TASK
Give the listing again character for character, but drop the images.

DATASET CONTENT
____________

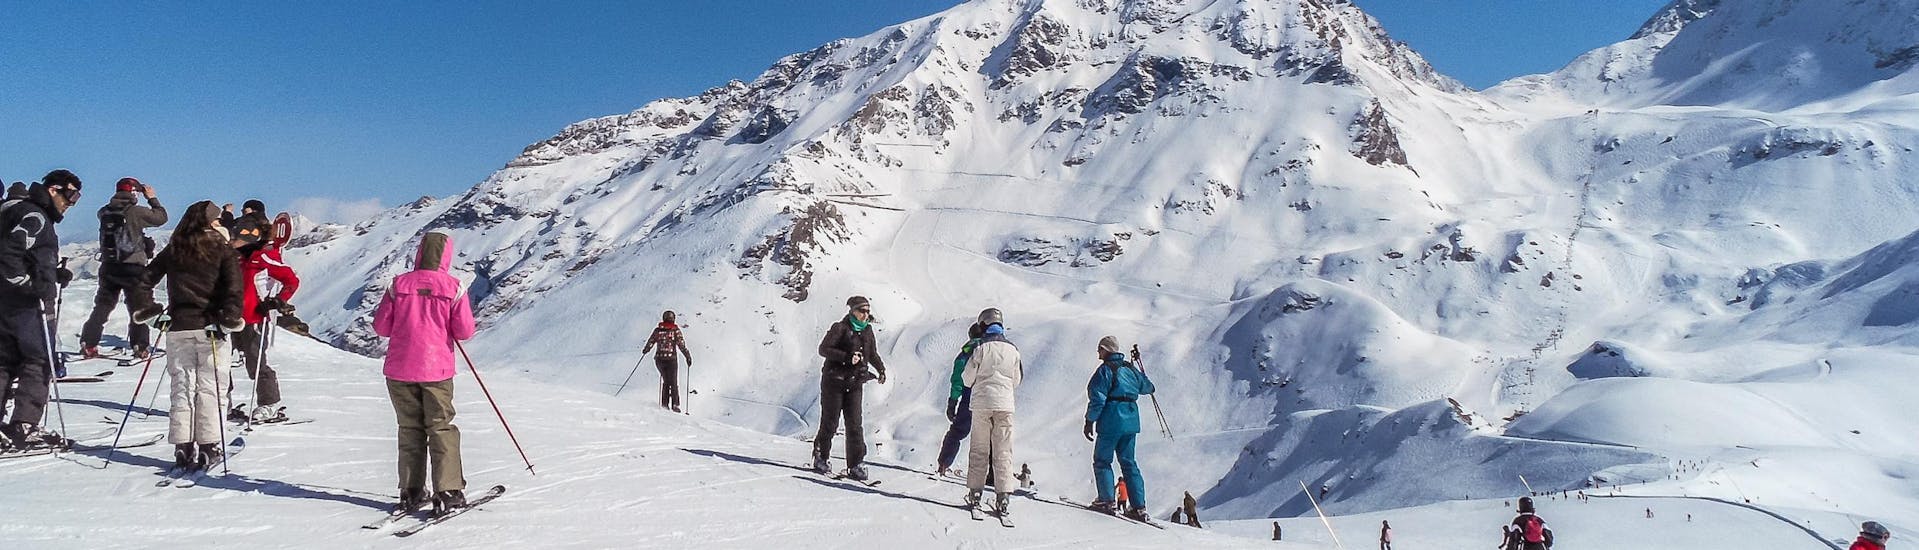 Adulti e bambini che sciano nella stazione sciistica di Les Arcs.
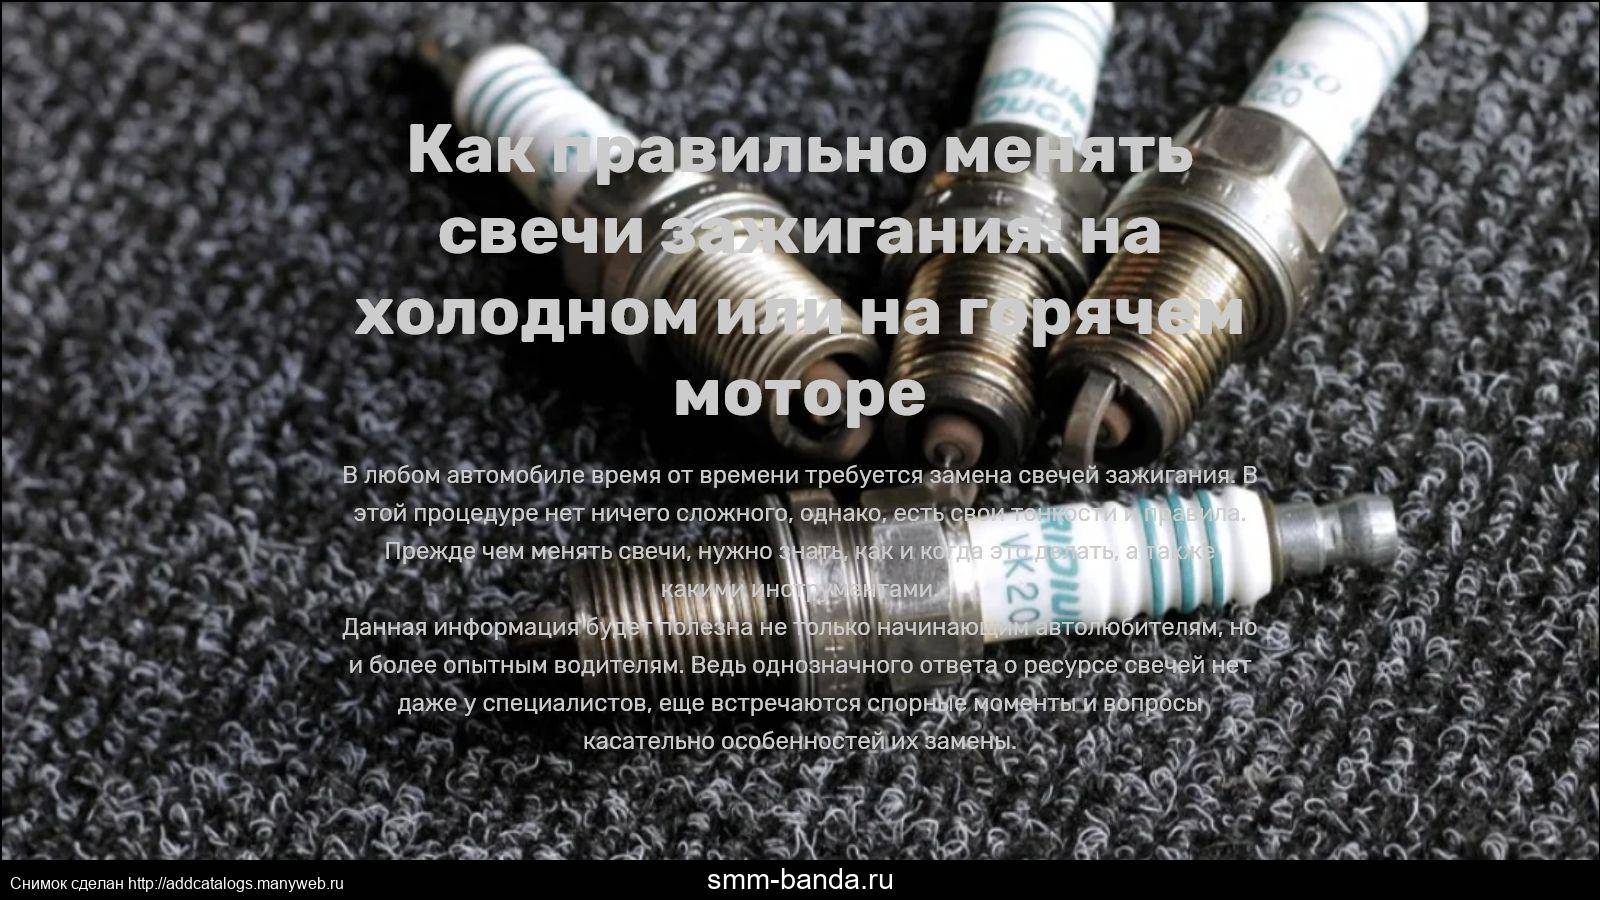 Как правильно менять свечи зажигания: на холодном или на горячем моторе — auto-self.ru
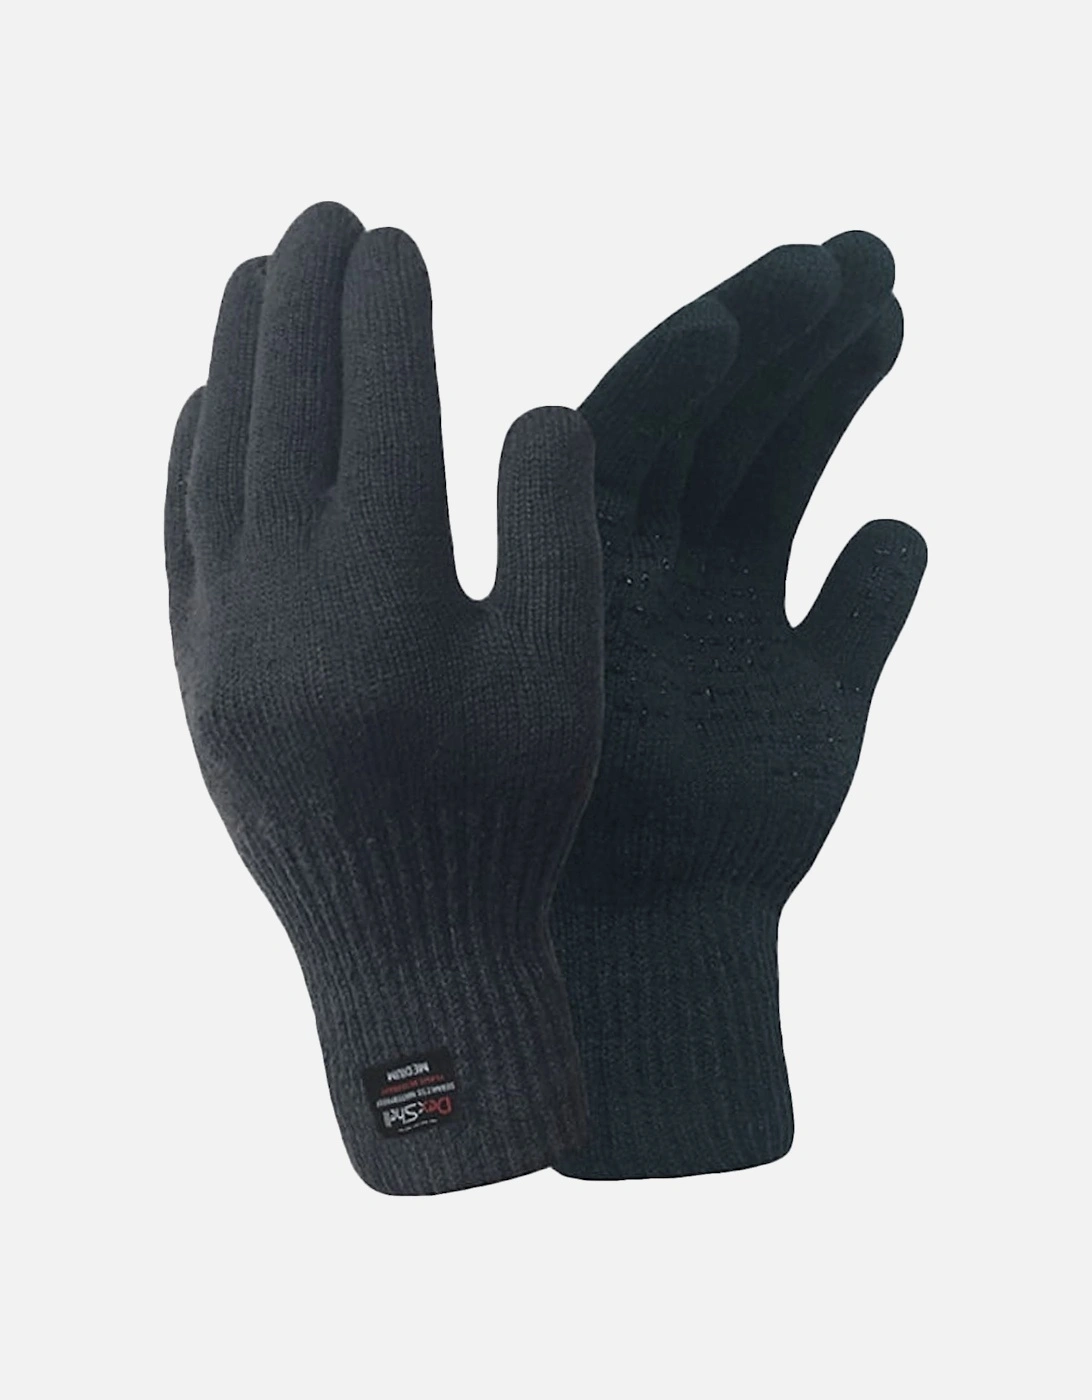 Mens Flame Retardant Cut Resistant Waterproof Gloves - Black, 2 of 1
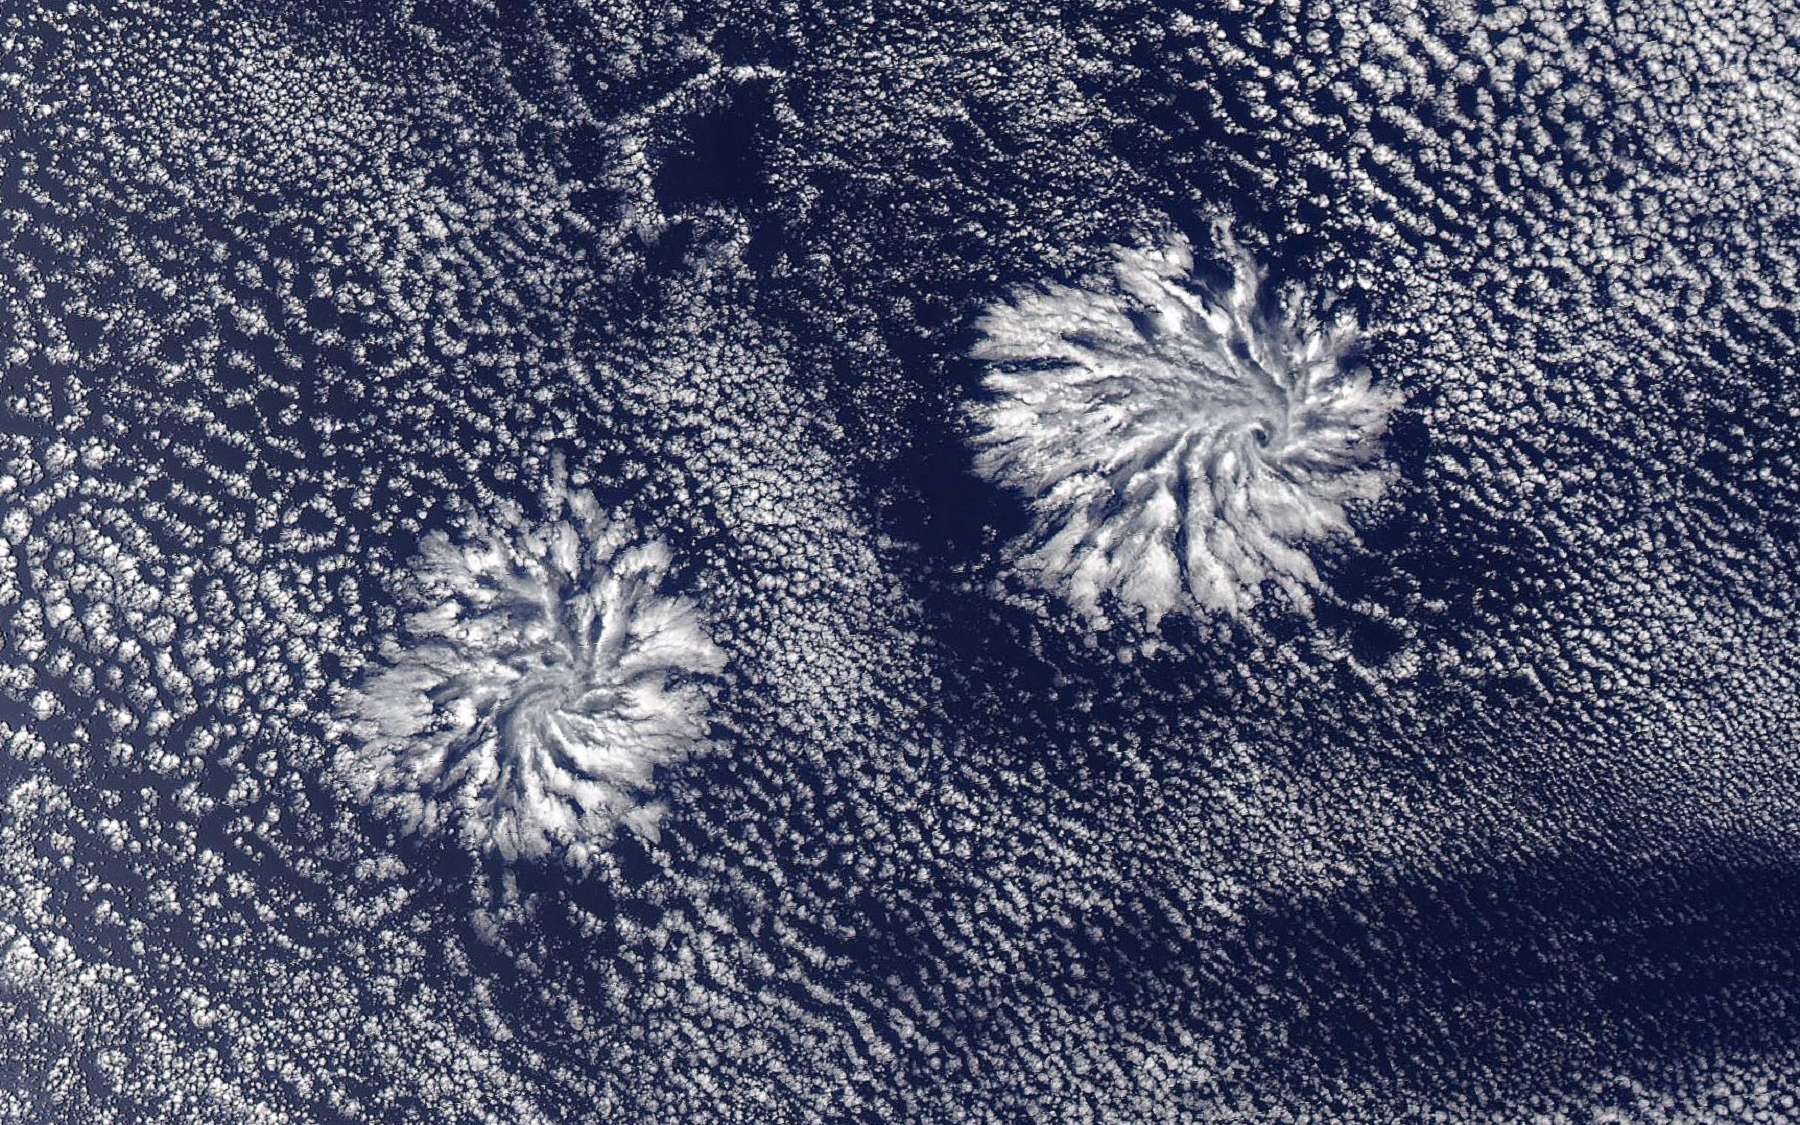 Phénomène météo extraordinaire : les étranges nuages actinoform

____________

OUTPUT OF THE EXERCISE
 Adulti e bambini che sciano nella stazione sciistica di Les Arcs.
 Как правильно менять свечи зажигания: на холодном или на горячем моторе — auto-self.ru
 Mens Flame Retardant Cut Resistant Waterproof Gloves - Black, 2 of 1
 Phénomène météo extraordinaire : les étranges nuages actinoform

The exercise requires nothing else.